Anaheim Bulletin has published the names of Klan members on its front page, but rival Anaheim Gazette, run by the father of future US Senator Thomas Kuchel, will vote for residents as racist. I urged him to. These correct efforts were successful: four Anaheim Klan councillors were easily recalled, and one non-Clan councillor dodged a recall funded by his own clan. Our hooded order stay at Anaheim City Hall lasted all nine months.
Just as simple as this, you should need to learn at every Anaheim school. But I didn’t know about it until Orange Coast College in Costa Mesa in the late 1990s. I was doing a research project on hate crimes, and when I stopped by black and white photographs of clan members in their horrifying robes marching through town, I was reading a book about clans.
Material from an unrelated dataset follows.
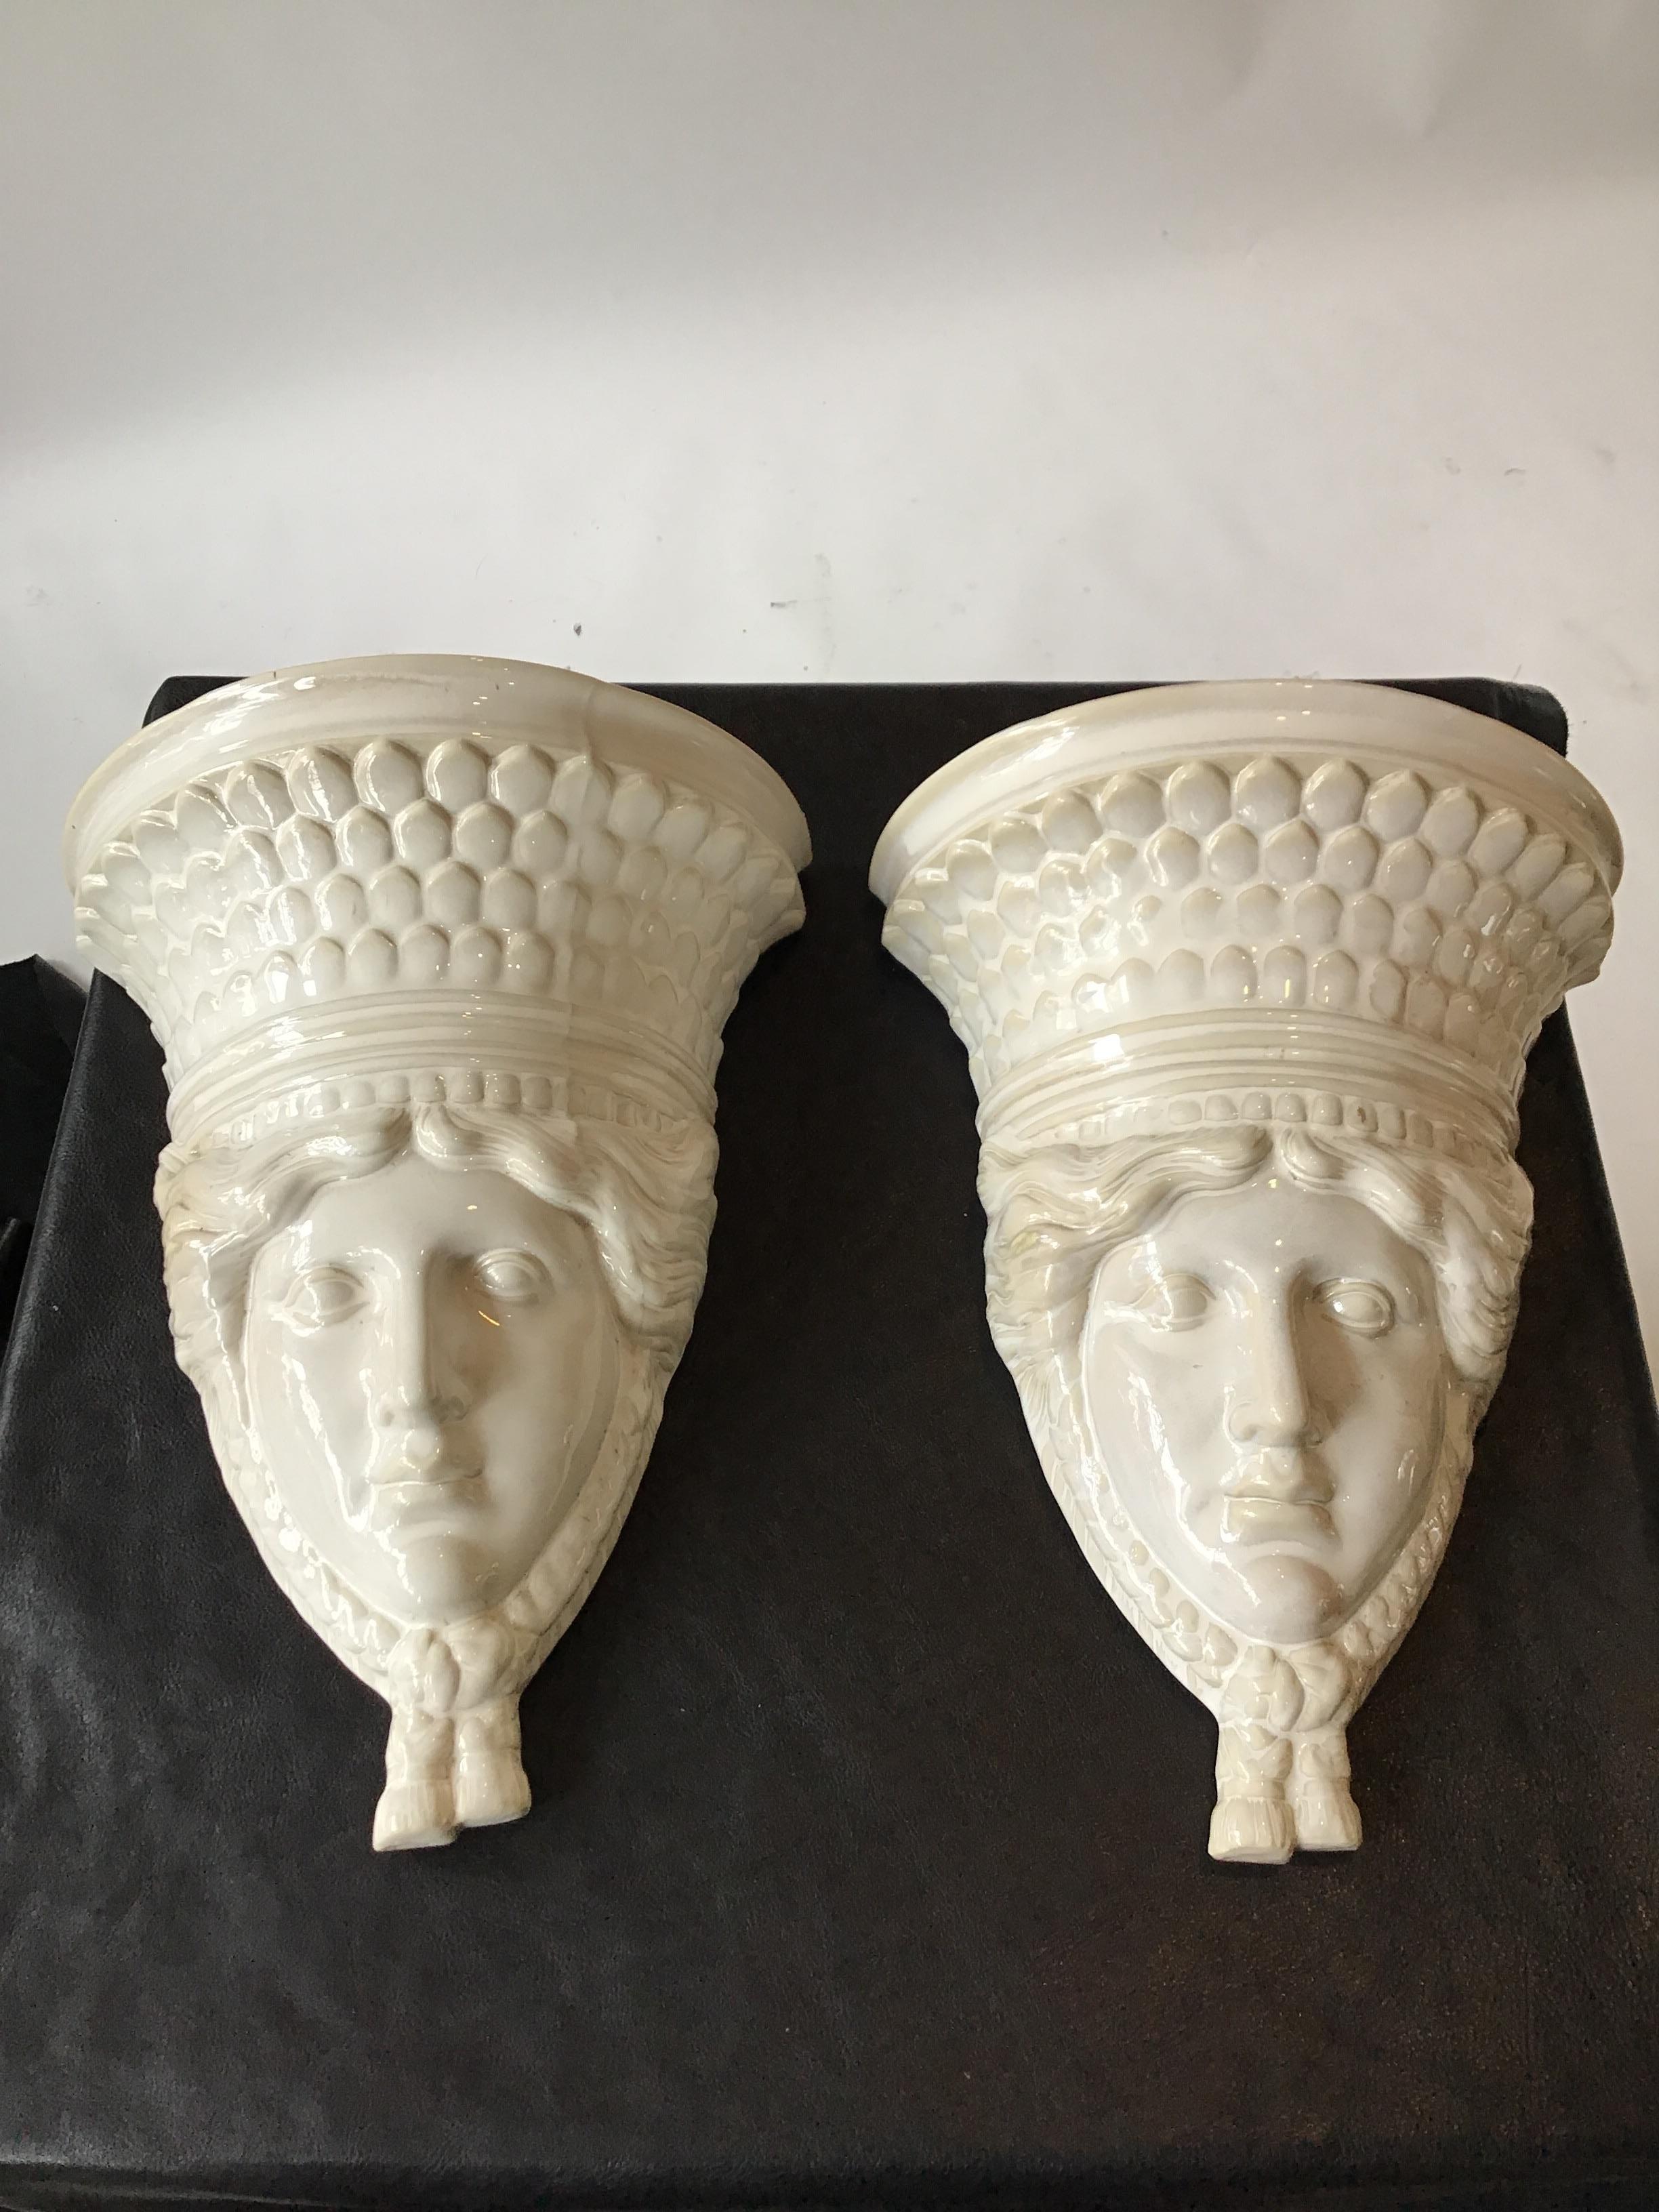 Pair of 1960s ceramic head wall planters by Sarreid. Made in Spain.
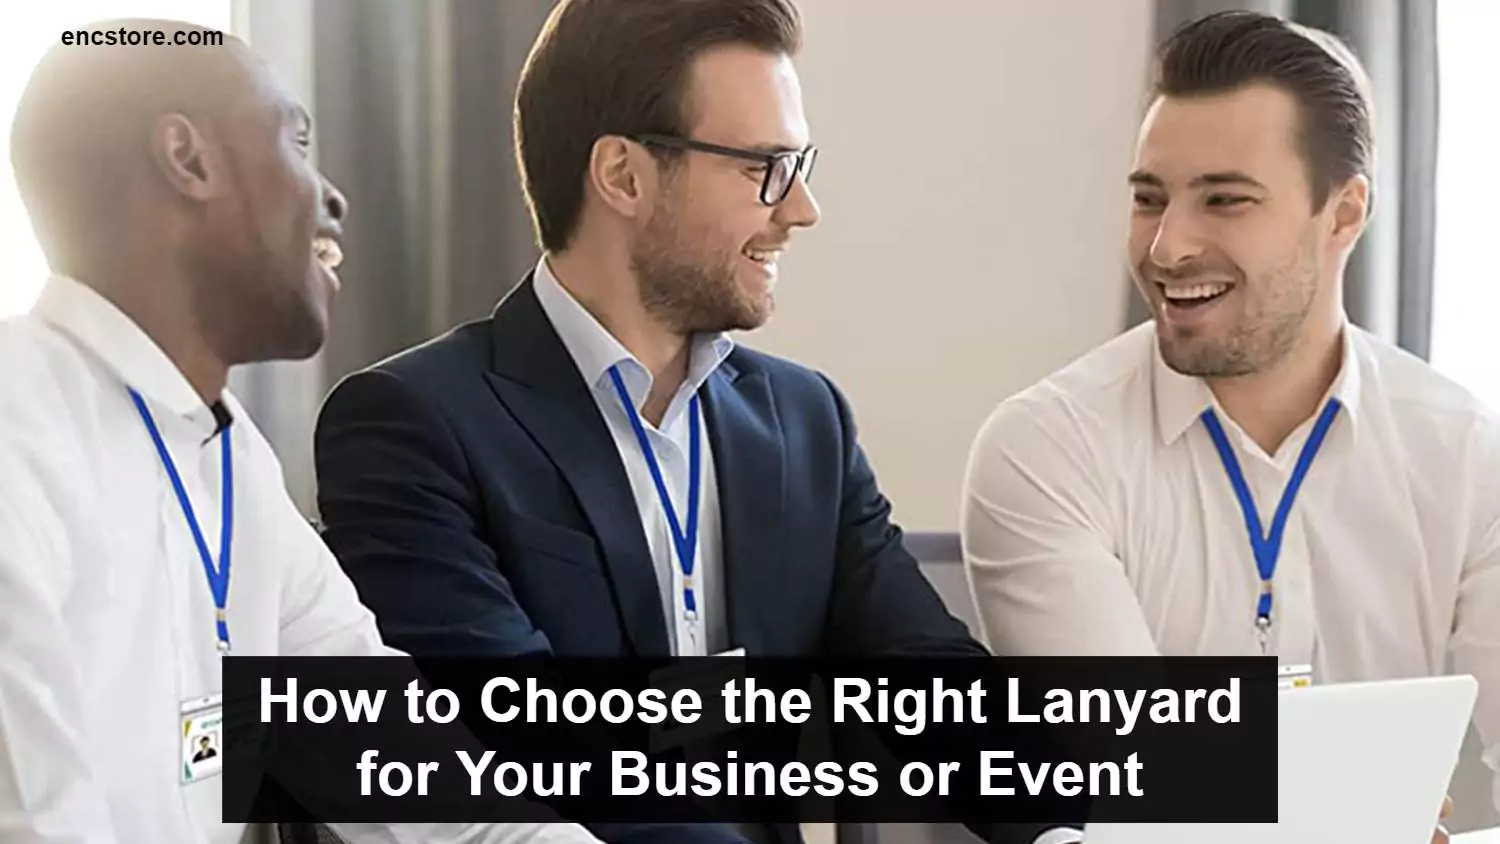 How to Choose the Right Lanyard for Your Business or Events

That same photo was featured in my high school history textbook, but there was a caption that didn’t mention any particular locale.
Now there was another caption in the photo: Anaheim, California, in the 1920s.
In 2016, a clash was being held during a White Life Matter protest outside Pearson Park in Anaheim, where KKK members were involved.
(Luis Sinco/Los Angeles Times)
My city never wavered its reputation as “Kranahem” as politicians and residents continued to racist segregate even if Kran’s memories disappeared. The pool I had been stirring up a long time ago? Until the 1950s, minorities could only swim the day before they were drained. Cactus Garden? It was created by former Parks principal Rudy Boyen, best known for inventing the delicious berries that bear his name, but the Mexicans are placed in a fenced section of the park until activists sued him. I’ve locked it up.
The Mexican-only school was born after Klan resigned and the city council and school board passed an anti-immigration initiative in the 1990s. Neo-Nazi Rock Bands were free to pass on CDs of crappy music at Angel Stadium in the 2000s and played secret concerts at local bars for the past decade. Like in 2016, a new generation of clans held a “White Live Matter” rally at Pearson Park, driven by a major failure that attracted attention from around the world.
Evil does not disappear like that. What happened in Anaheim a century ago shows how to fight tyranny and white hegemony. If that’s not a lesson we think is important, I wish all of us good luck.